Certamente non sono all’oscuro della complessità del vero
Mat Collishaw e Cathy Wilkes. Che dan vita a un ipnotico duetto di suggestioni,
unificato dalla cerniera della duplicità e scivolosità emotiva. Episodio singolare
nell’itinerario della Galleria Raucci/Santamaria, spesso palcoscenico di
ricerche in cui la componente cerebrale – pur senza divenire sterile
asciuttezza formale – è iper-presente. Ora invece la chiave di fruizione è
l’abbandono a impalpabili atmosfere psicologiche, a inspiegabilmente seducenti
turbamenti e fascinazioni.
Cathy Wilkes (Belfast, 1966; vive a Glasgow) avvolge di ovattato
persino la più strisciante inquietudine. Le angosce di un sentire costretto a
confrontarsi con un mondo a misura maschile, le ambivalenti emozioni materne,
gli smarrimenti esistenziali di un’ipersensibile consapevolezza avviluppano da
sempre, come insistente vapore sottile e viscoso, le sue opere, connotandole
dello stesso disagio intimamente femminile e ambientalmente invasivo di Louise
Nevelson.
Ma nei tre Untitled in mostra l’ansietà, pur presente nelle straniate
soluzioni formali, evapora sotto un calore nuovo: un onirico senso di dolcezza
e protezione, che avvolge di morbidezza cromatica i due informali dipinti a olio,
e di felpata tattilità la scultura in argilla.
L’inverso itinerario emotivo attende con Mat Collishaw (Nottingham, 1966; vive a
Londra).
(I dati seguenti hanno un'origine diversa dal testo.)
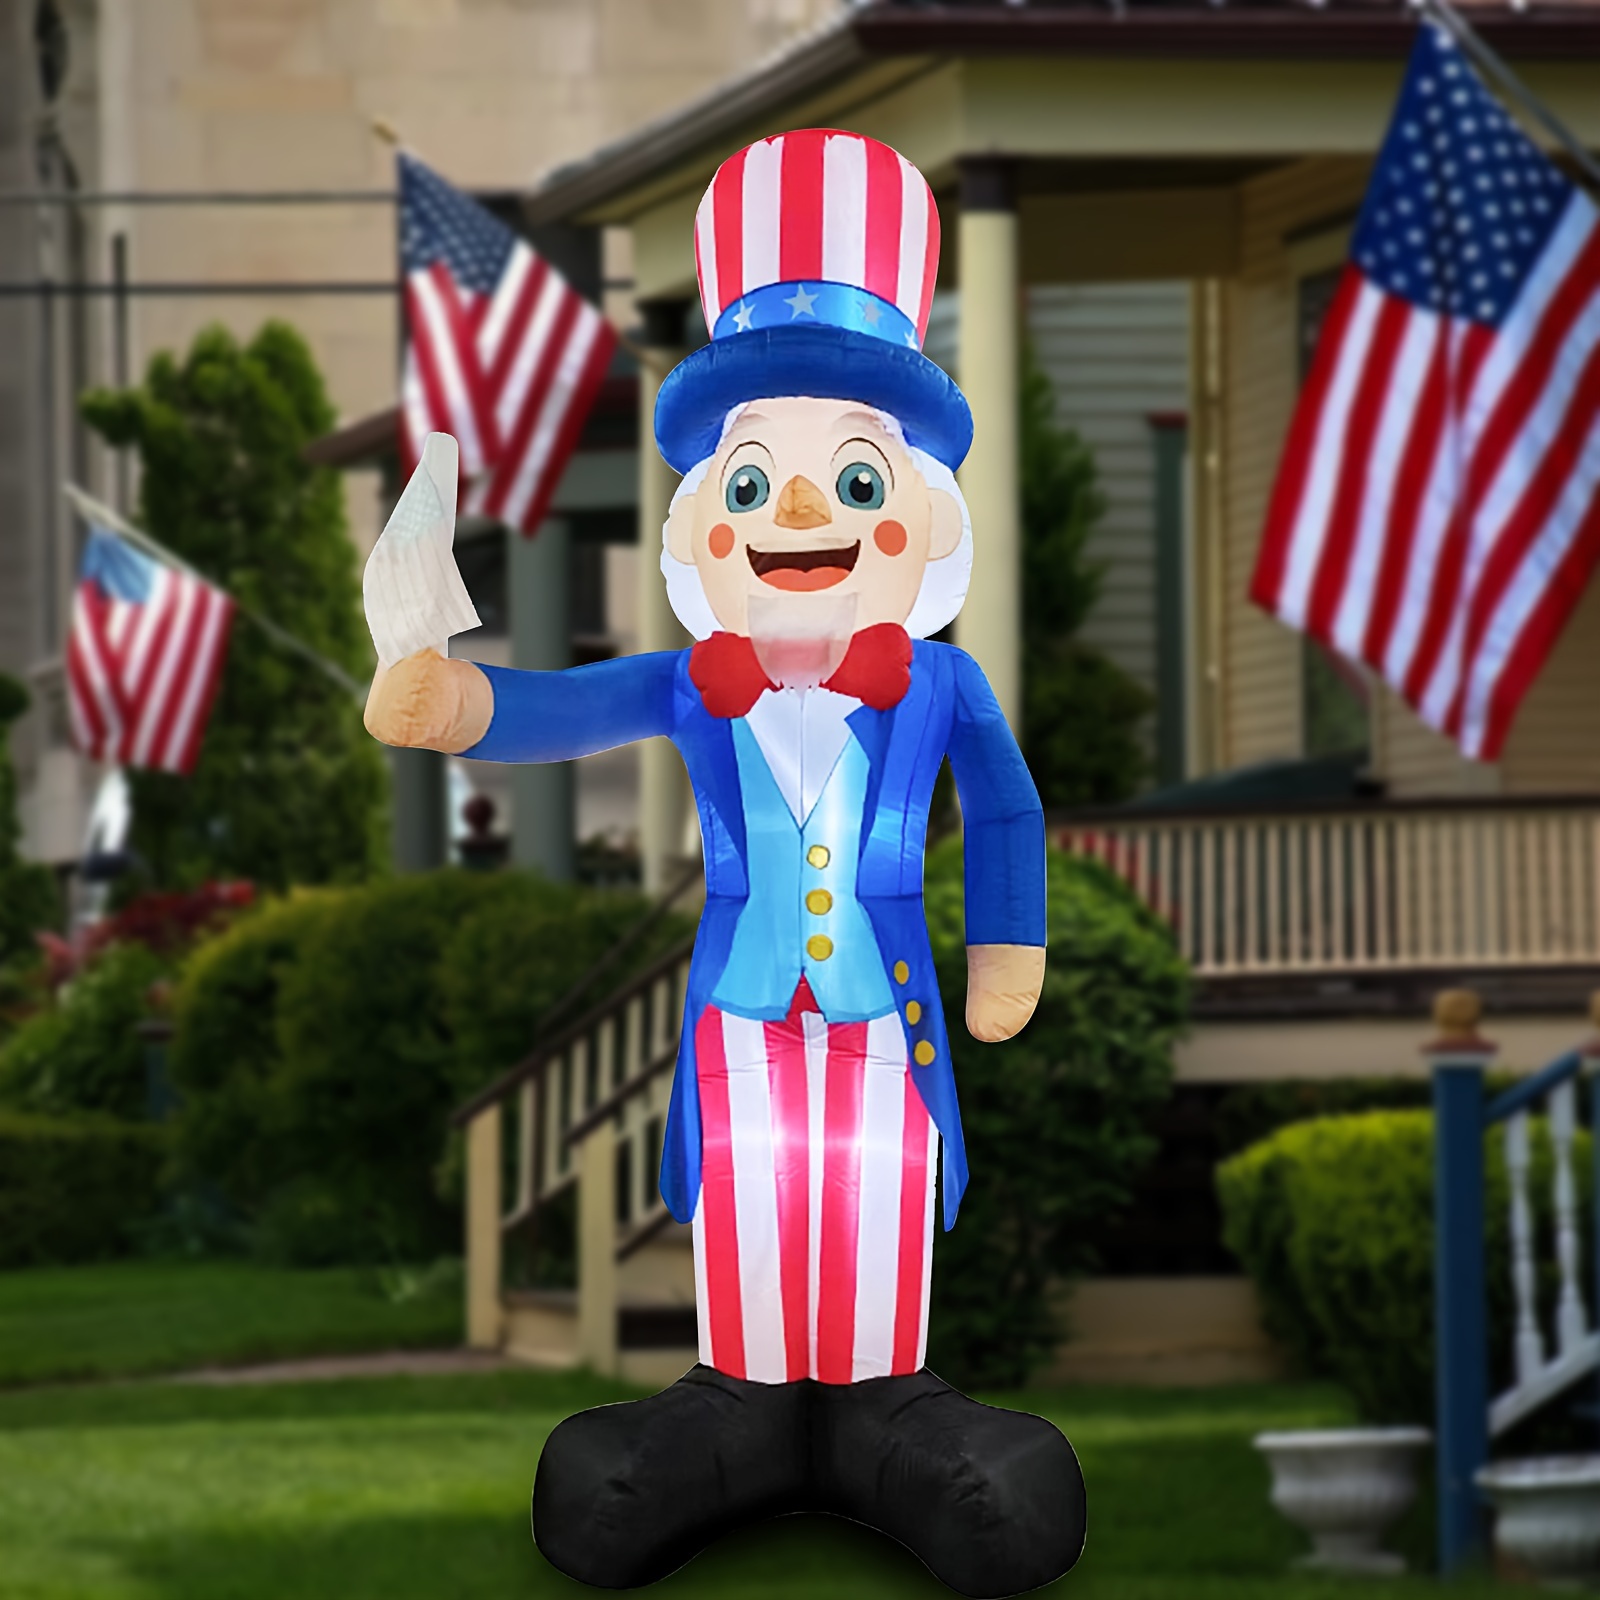 

Inflatable Lighted Standing Patriotic Outdoor Decor Outdoor Decoration With Built-in Led Lights

Le sue immagini sono di una bellezza stupefacente, ipnotica, senza
appello. Come il conterraneo Darren Almond, Collishaw non ha paura della potenza deflagrante
sprigionata dal bello, dal sublime, dalla metafisica e dalla natura. Il rischio
del decorativo non è neanche dietro l’angolo, perché il legante di ogni
molecola delle sue opere è un implacabile rigore tecnico e progettuale.
Nonostante l’eterea leggerezza finale, le sue creazioni sono sofisticati
congegni di postmoderna consapevolezza tecnologica. L’apparente disinvoltura
naturale delle sue visioni, proprio come in Almond, è originata da coscienza
contemporanea, e da essa è giustificata.
Quasi donatelleschi rilievi schiacciati, i pannelli in
corian imitano il marmo e dialogano con la luce. Ma, contrariamente ai
bassorilievi di un tempo, è la retroilluminazione elettrica e pulsante a
scolpire, come ologrammi, le forme del mito e della religione: il morente
albero di Robin Hood, violentato alla vita da istanze turistiche; le grotte
svuotate delle effigi di Buddha, distrutte dagli iconoclasti; la berniniana Estasi di Santa Teresa, ambiguamente erotica ma anche
angosciosa, per la sua luce-scanner quasi medicale. Dietro lo splendore si
insinuano mefitici il dramma e la morte, paradossalmente incantatori.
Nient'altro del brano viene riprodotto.